» **DATASET CONTENT**
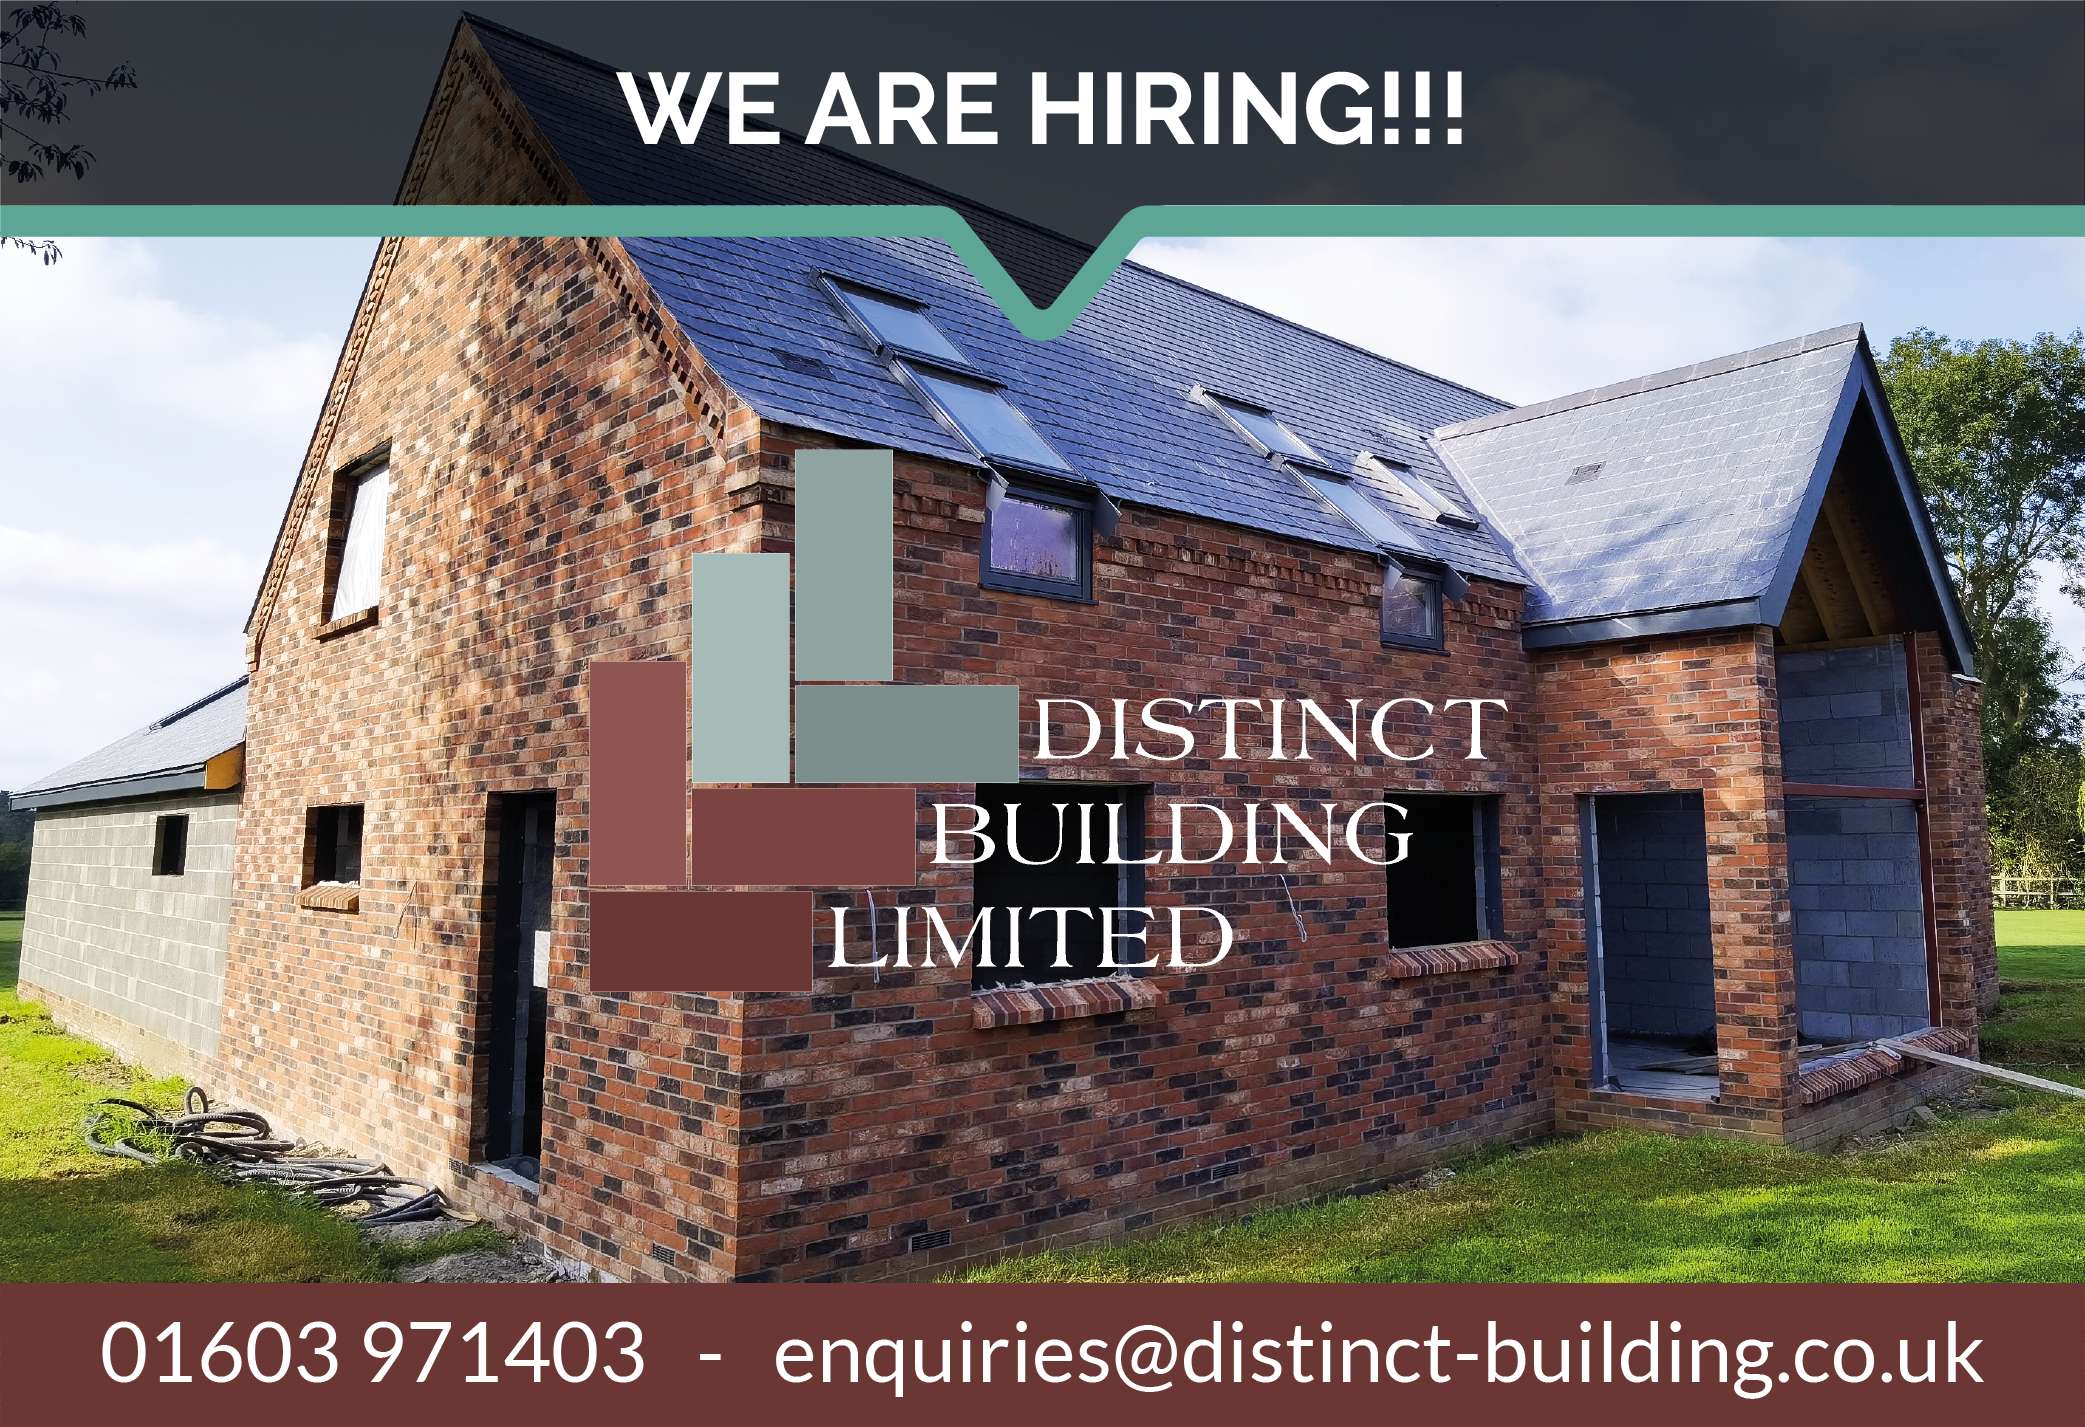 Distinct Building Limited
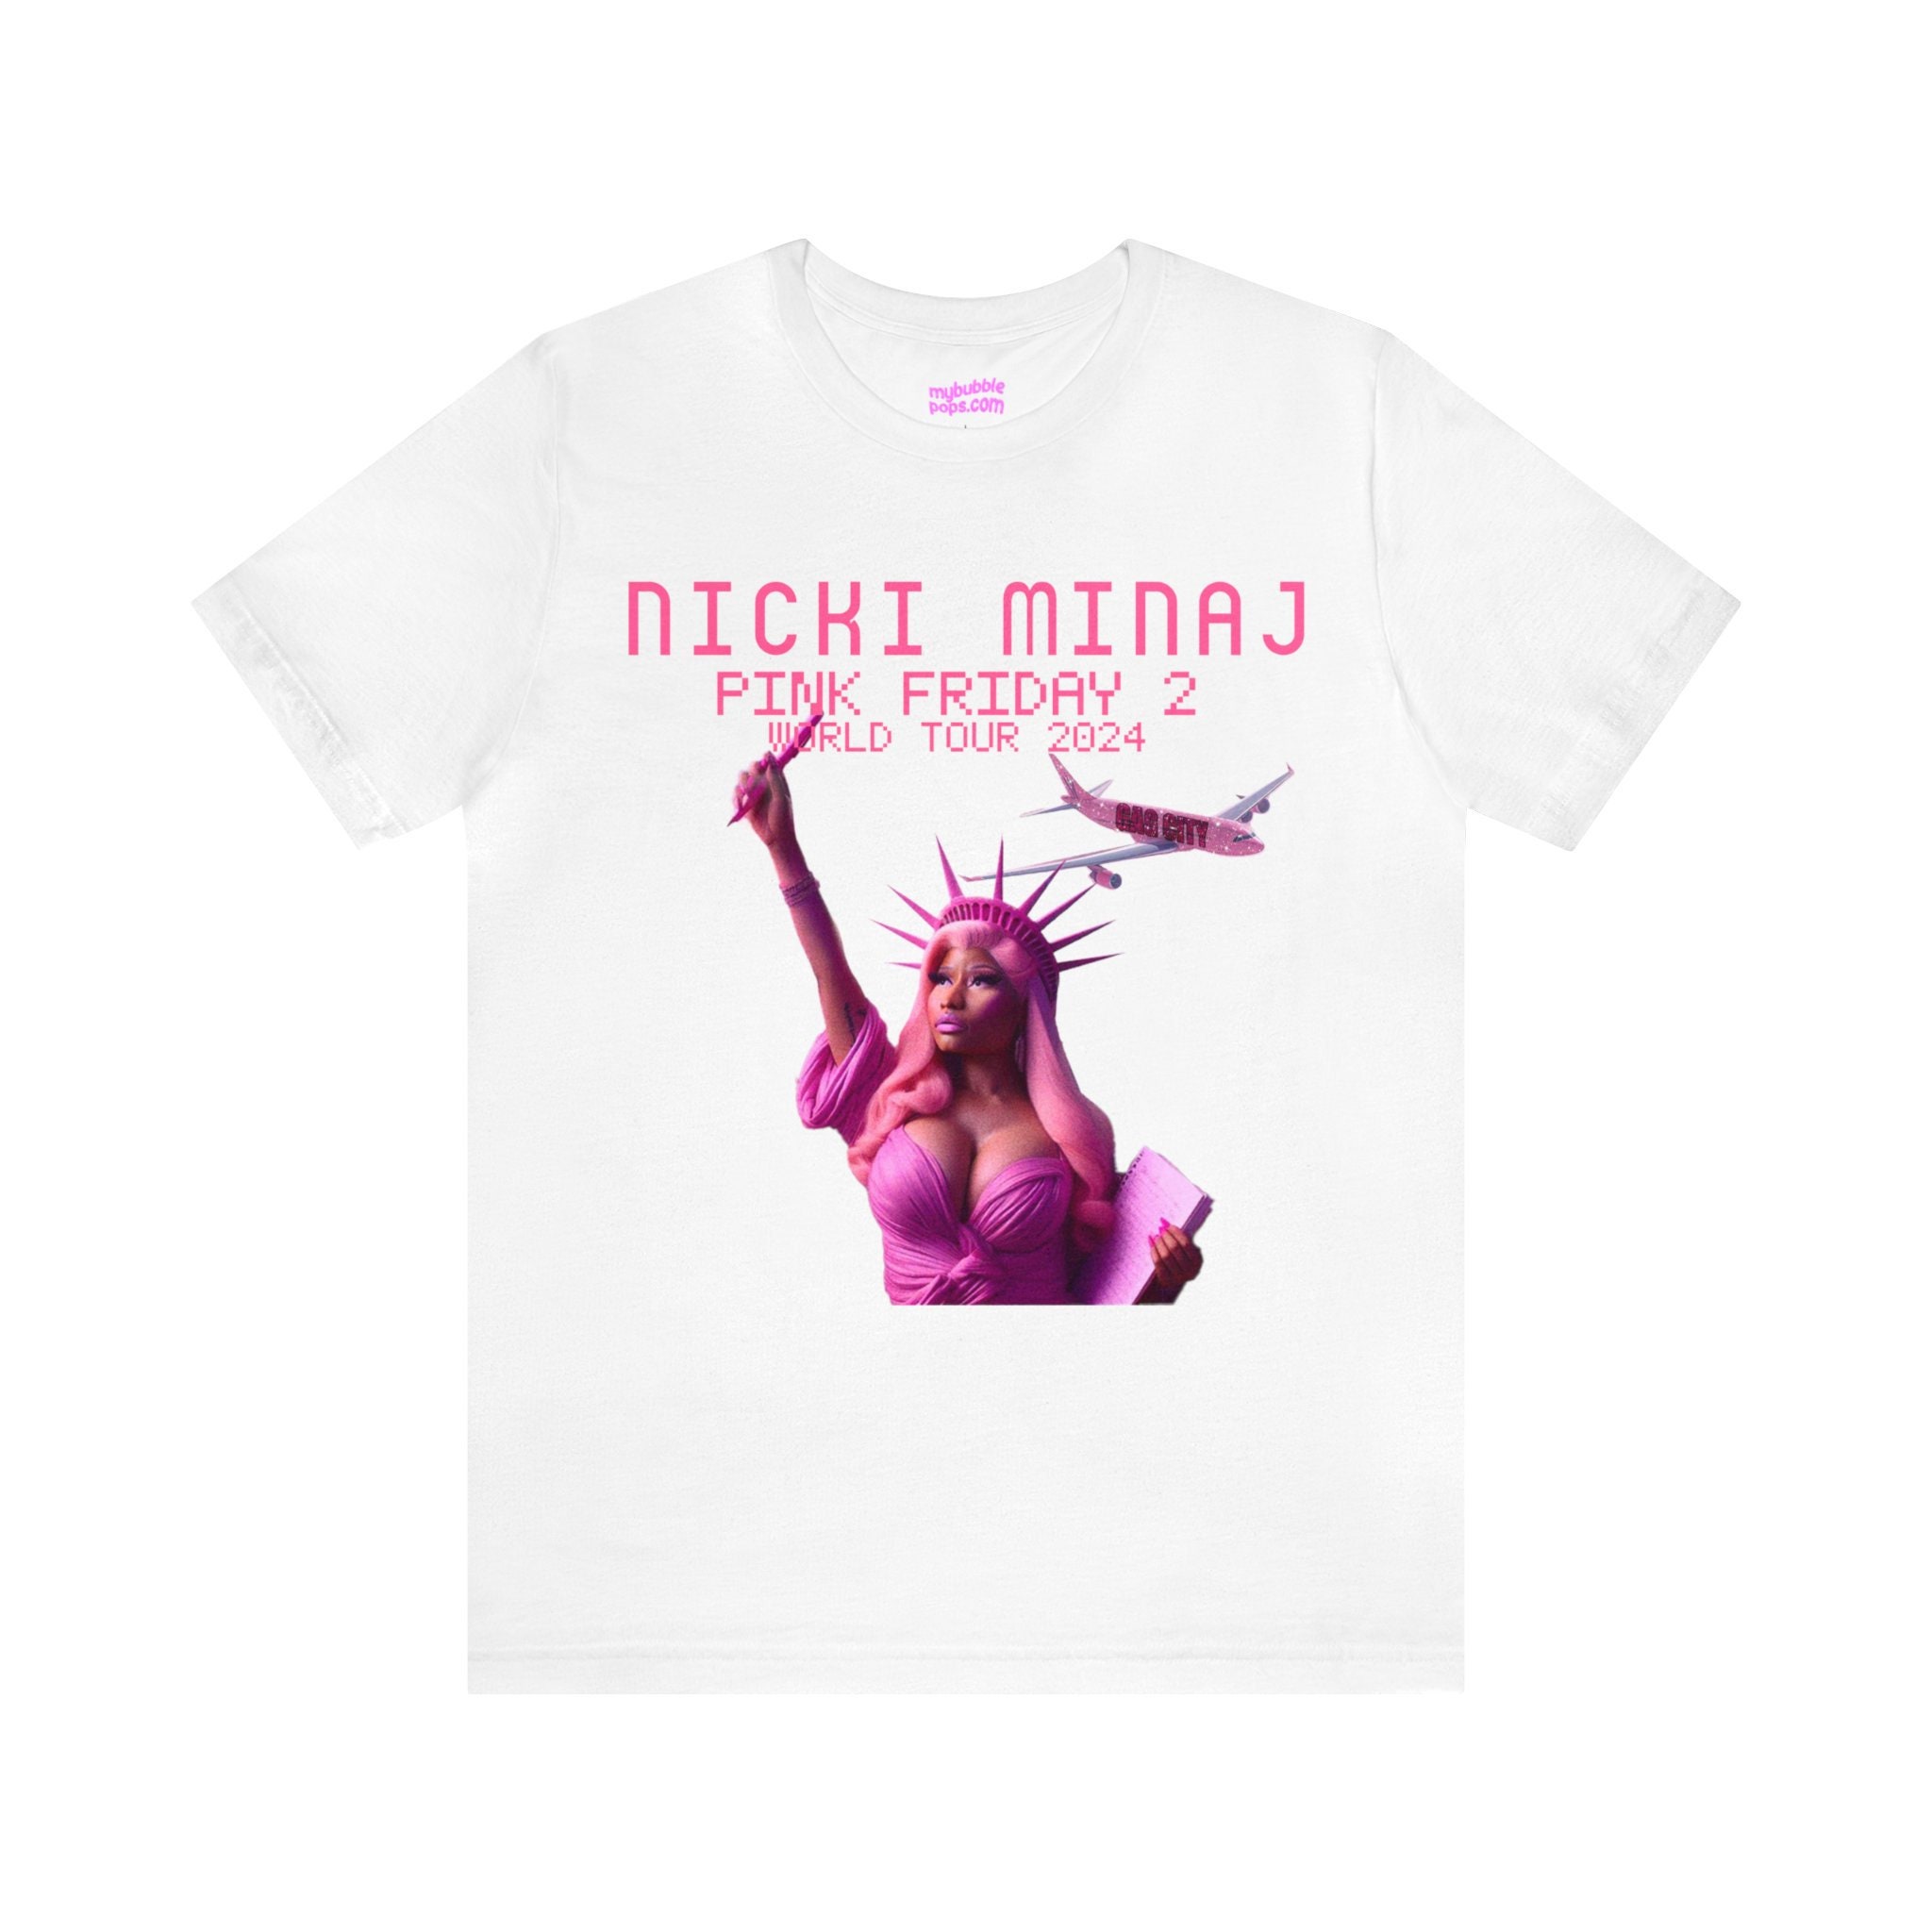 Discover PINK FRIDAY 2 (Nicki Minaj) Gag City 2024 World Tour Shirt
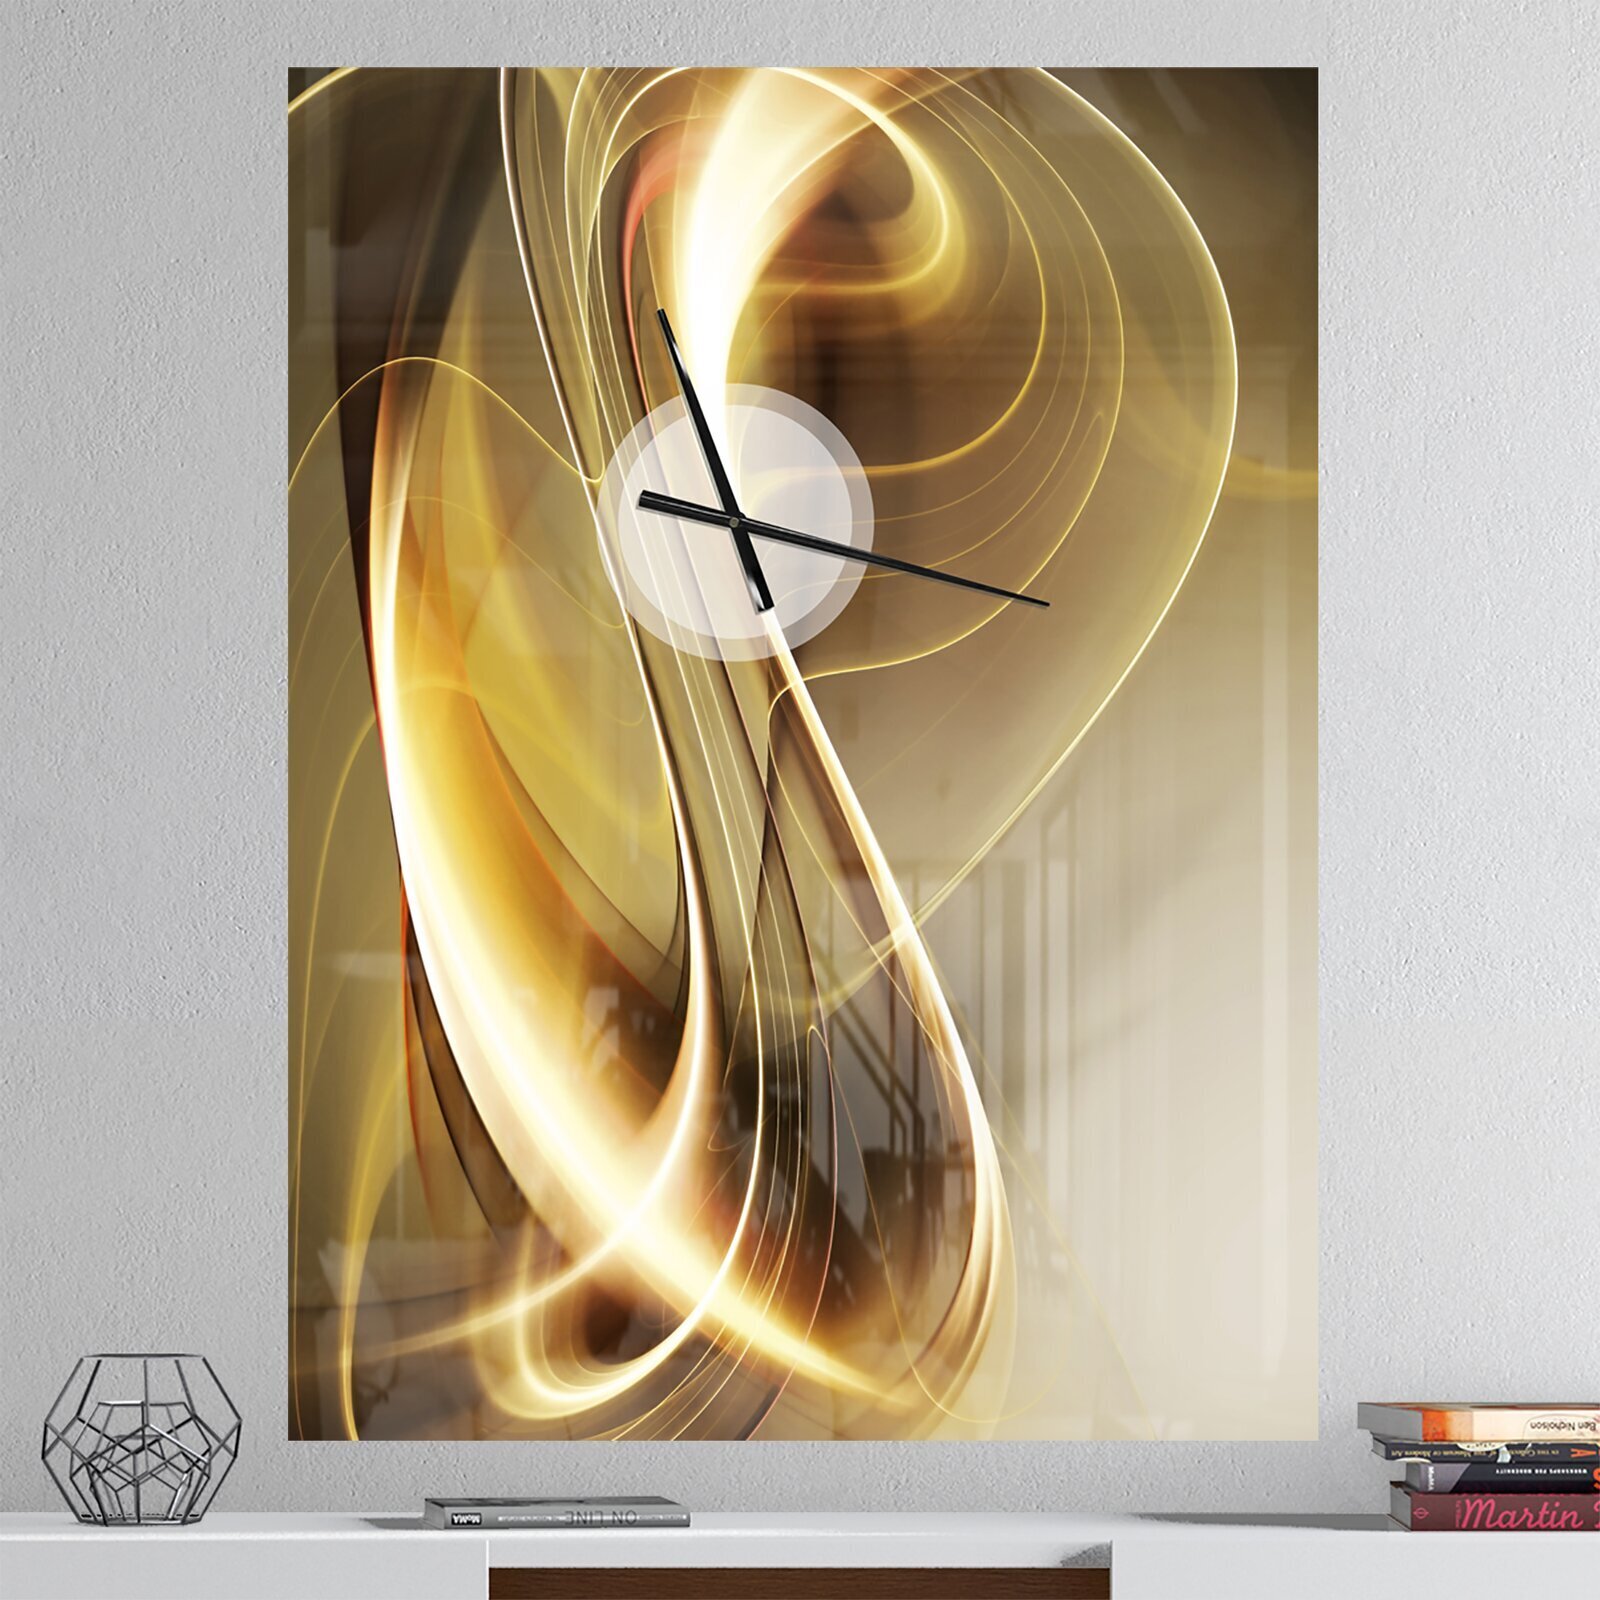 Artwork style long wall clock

» **PROBLEM**
Reproduce the listing exactly. The pictures are to be omitted.

» **SOLUTION FOR THIS TASK**
 Distinct Building Limited
 Discover PINK FRIDAY 2 (Nicki Minaj) Gag City 2024 World Tour Shirt
 Artwork style long wall clock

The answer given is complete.